Texas Capital’s net interest income was $209.9 million, down 13.8% year over year, mainly stemming from a decline in loan yields, partly muted by a decrease in funding costs. Net interest margin, moreover, contracted 111 basis points (bps) year over year to 2.30%. Non-interest income increased significantly year over year to $70.5 million. This upside primarily resulted from higher gains from sale of loans held for investment, brokered loan fees and servicing income, partially offset by lower other non-interest income. Non-interest expenses flared up 57% year over year to $222.4 million. The upswing mainly resulted from a rise in almost all components of expenses. As of Jun 30, 2020, total loans were up 3% on a sequential basis to $26 billion, while deposits rose 11.3% sequentially to $30.2 billion. Credit Quality Deteriorates
Non-performing assets totaled 0.68% of the loan portfolio plus other real estate-owned assets compared with the prior-year quarter’s figure of 0.47%. Total non-performing assets rose 52.5% to $174 million compared with the year-ago quarter.
Provisions for credit losses came in at $100 million compared with the year-ago quarter’s $27 million. The company’s net charge-offs were $74.1 million compared with $20 million as of Jun 30, 2019. Capital Ratios Steady
The company’s capital ratios displayed a steady position during the second quarter. Tangible common equity to total tangible assets came in at 7% compared with the year-earlier quarter’s 8.3%.

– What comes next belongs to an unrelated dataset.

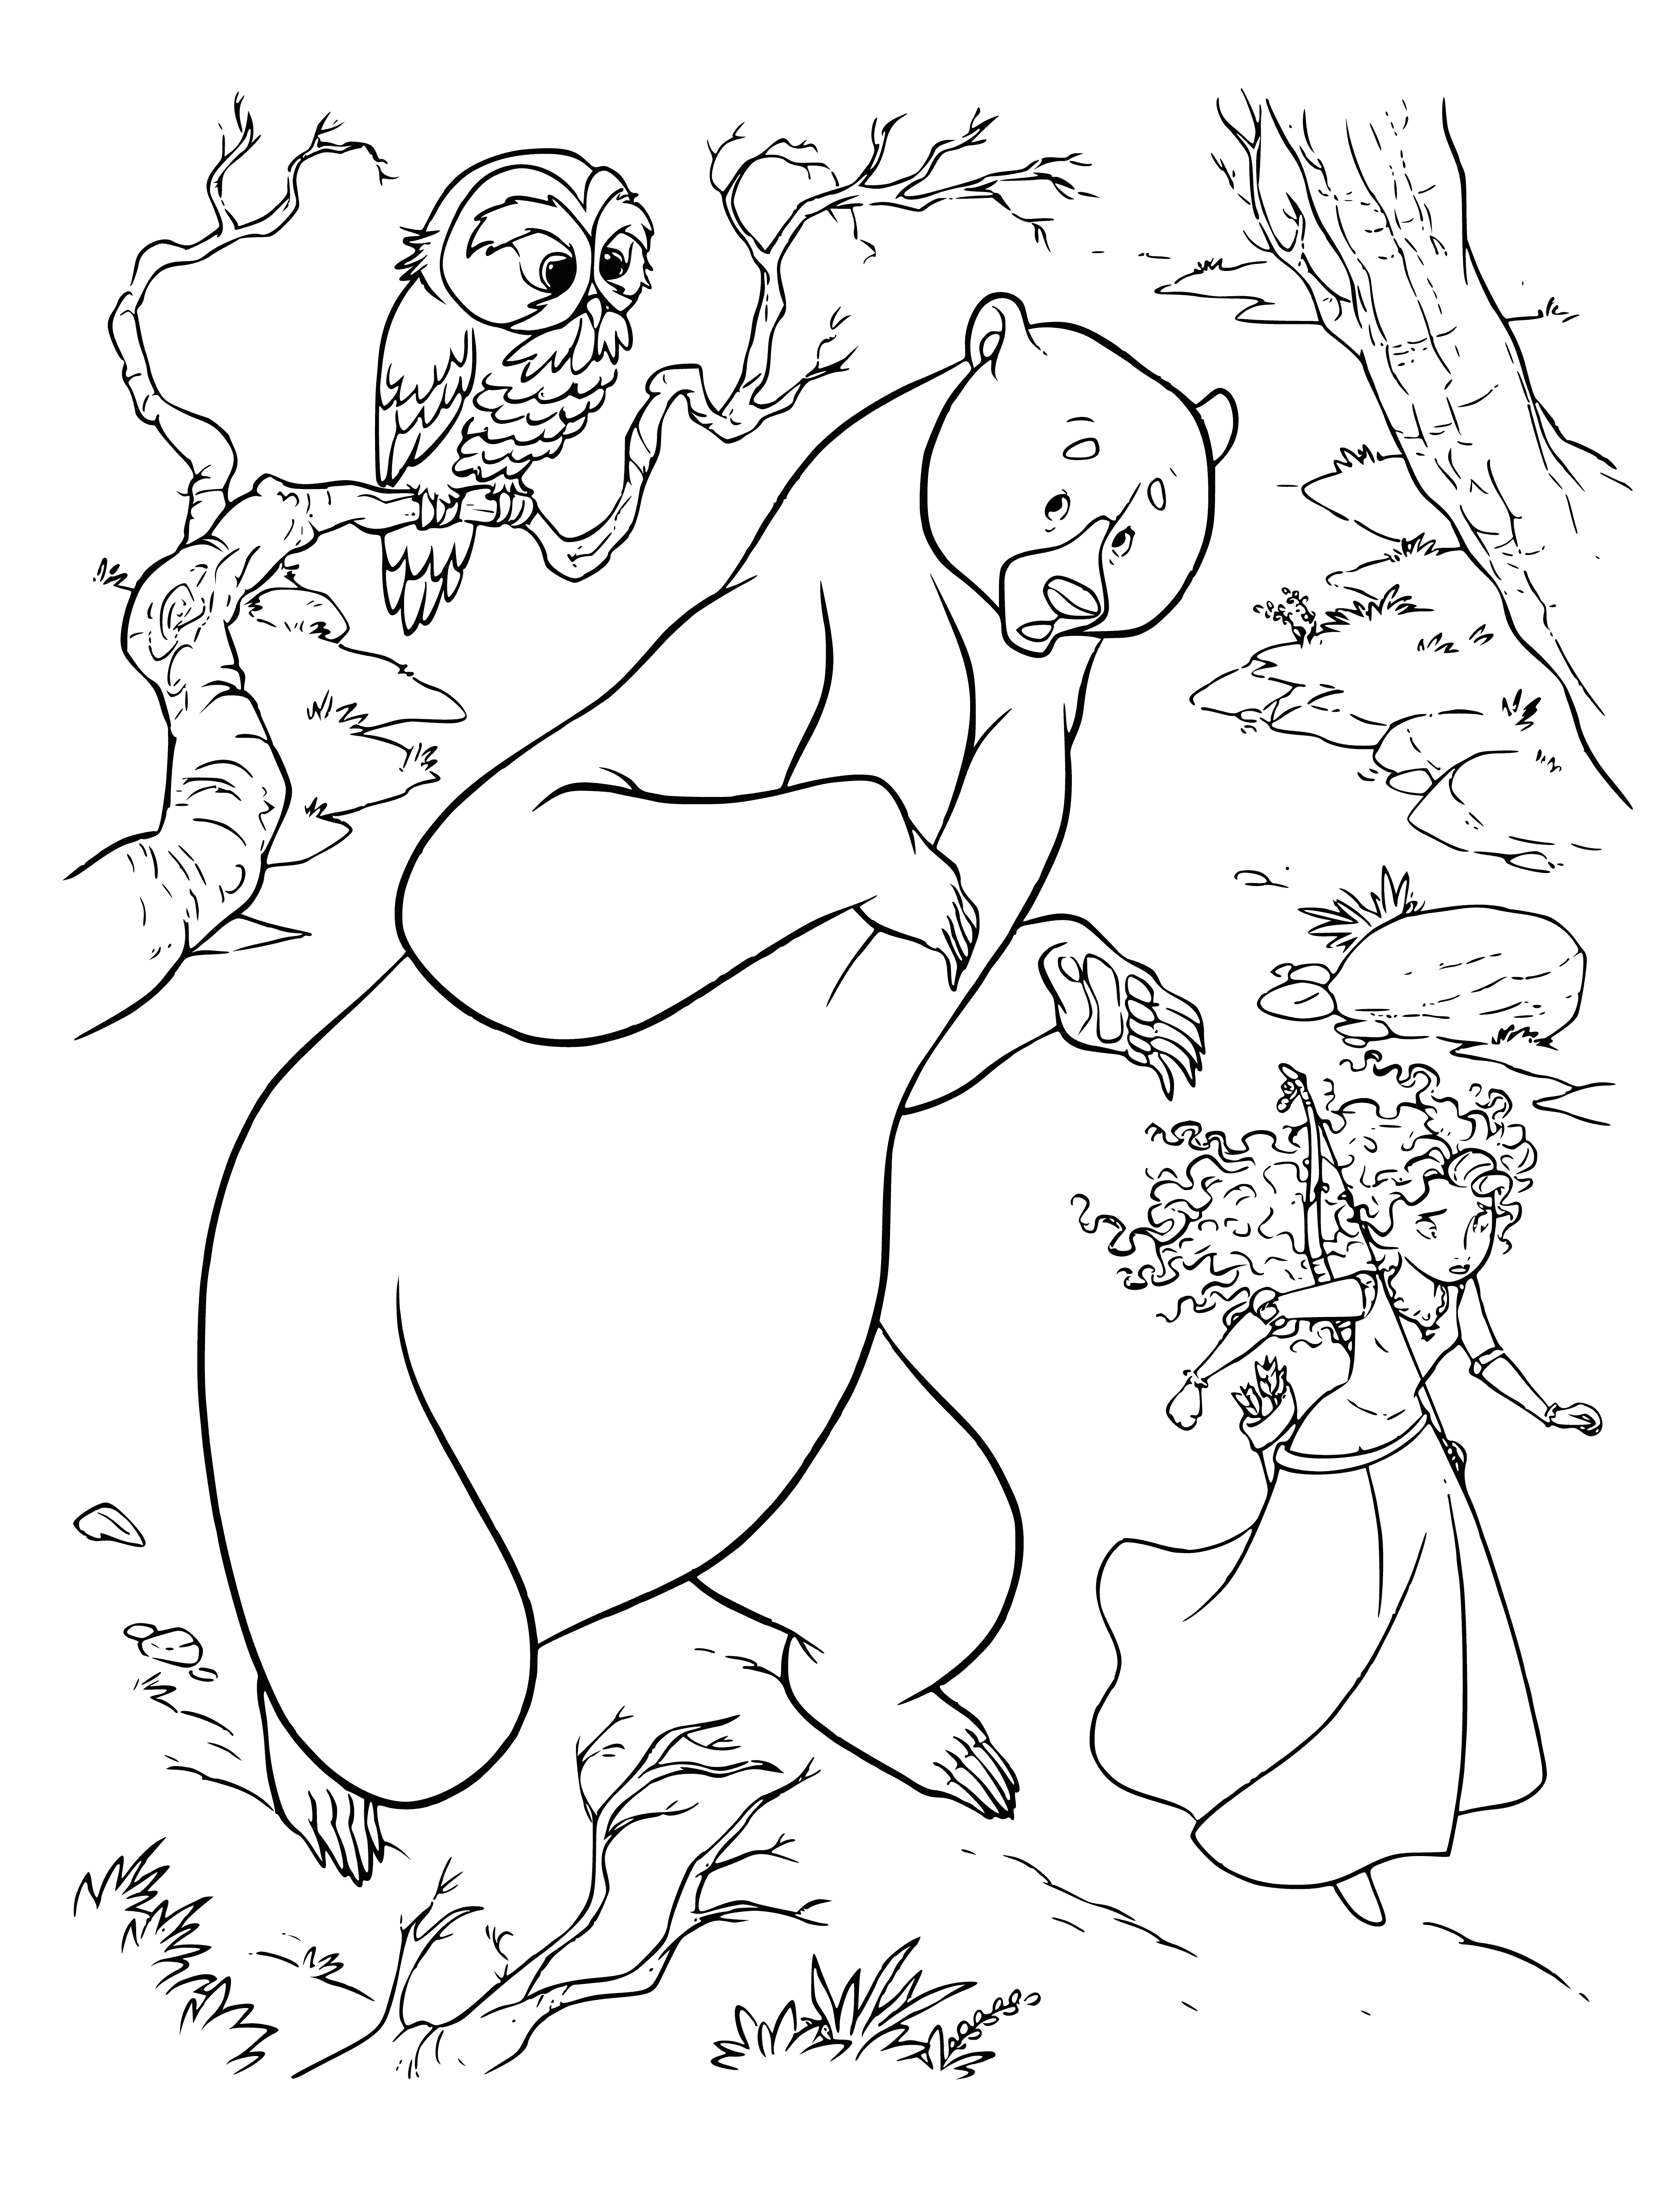 Merida and the bear coloring page

Common equity Tier 1 ratio was 8.9%, up from the prior-year quarter’s 8.7%. Leverage ratio was 7.5% compared with 9.2% as of Jun 30, 2019. Stockholders’ equity was up 3% year over year to $2.7 billion as of Jun 30, 2020. The uptrend chiefly allied with the retention of net income. Outlook
Management plans to achieve an earnings level in the next six to 18 months, which can provide the company the strategic options while managing strong liquidity and capital levels. It plans a significant cut to run rate expense base, which will pay off beginning the second quarter. These plans also include managing the asset side of the balance sheet to get more yields from the excess liquidity, a back-to-basic strategy in middle market to capture new clients and to increase share of wallet, and a lower provision expense as the large exposures within the energy and leveraged loan portfolio already dealt with.

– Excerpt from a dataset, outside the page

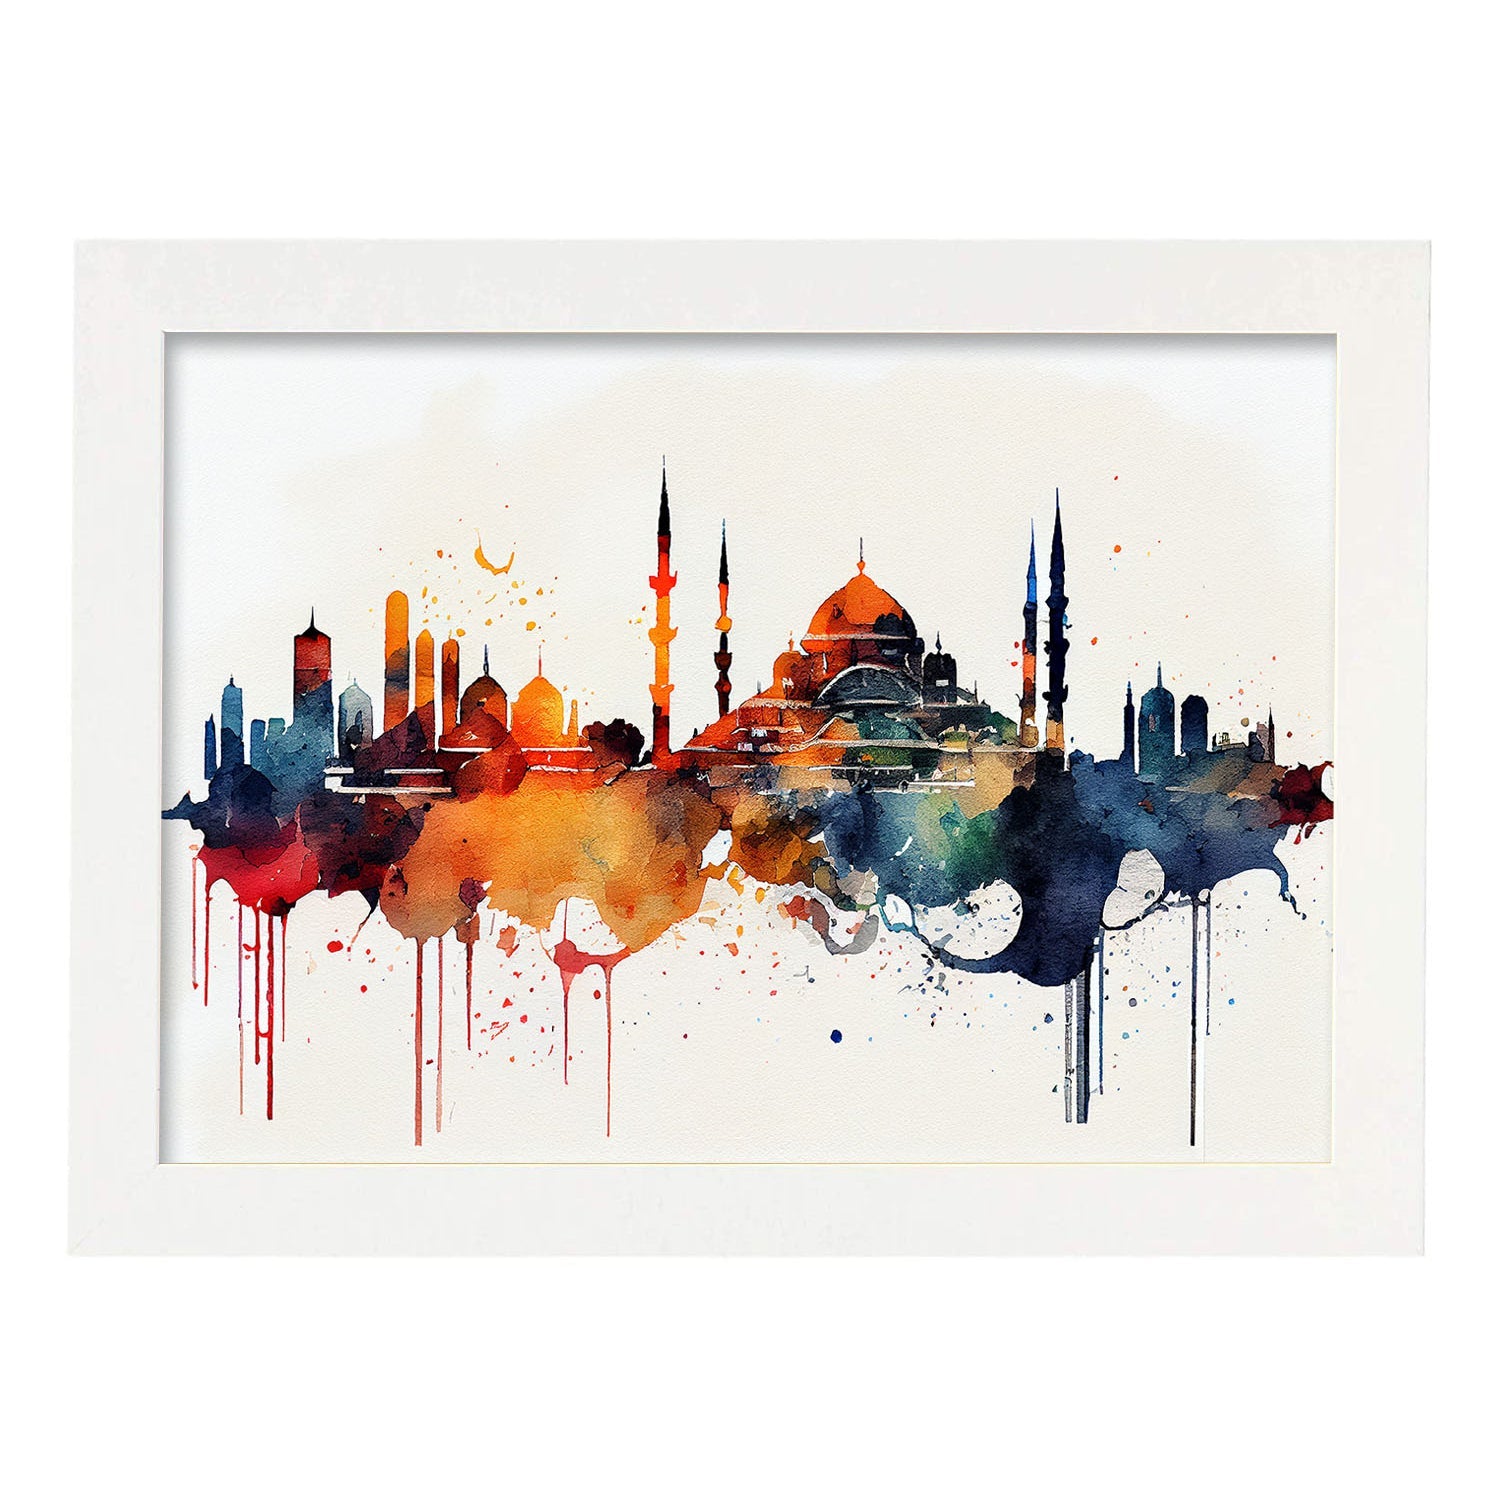 Nacnic watercolor of a skyline of the city of Istanbul_1. Aesthetic Wall Art Prints for Bedroom or Living Room Design.-Artwork-Nacnic-A4-Marco Blanco-Nacnic Estudio SL

Notably, management is reducing annualized non-interest expense run rate by about $30 million focused on salaries and amortization of capitalized software. It also targets some additional G&A expense saves for the second half of 2020 and 2021 that are not included in that $30 million. Other expenses are estimated at $10 million in annual run rate. Based on the current environment, management expects positive trend in gain on sale to continue for the next several quarters, but at lower levels than Q2. Since, Q2 was the peak, management expects the third- and fourth-quarter gain numbers to be more modest, around $10-$12 million per quarter. Mortgage finance yields are expected to be flat to down a little bit. Volumes in MCA are not expected to start to diminish much through the third quarter and seasonality is expected in the fourth. How Have Estimates Been Moving Since Then?
It turns out, estimates revision have trended upward during the past month. The consensus estimate has shifted 39.65% due to these changes.
Currently, Texas Capital has a poor Growth Score of F, however its Momentum Score is doing a lot better with an A. However, the stock was allocated a grade of F on the value side, putting it in the bottom 20% quintile for this investment strategy.
Overall, the stock has an aggregate VGM Score of F. If you aren't focused on one strategy, this score is the one you should be interested in.
Estimates have been broadly trending upward for the stock, and the magnitude of these revisions looks promising. Notably, Texas Capital has a Zacks Rank #3 (Hold). We expect an in-line return from the stock in the next few months.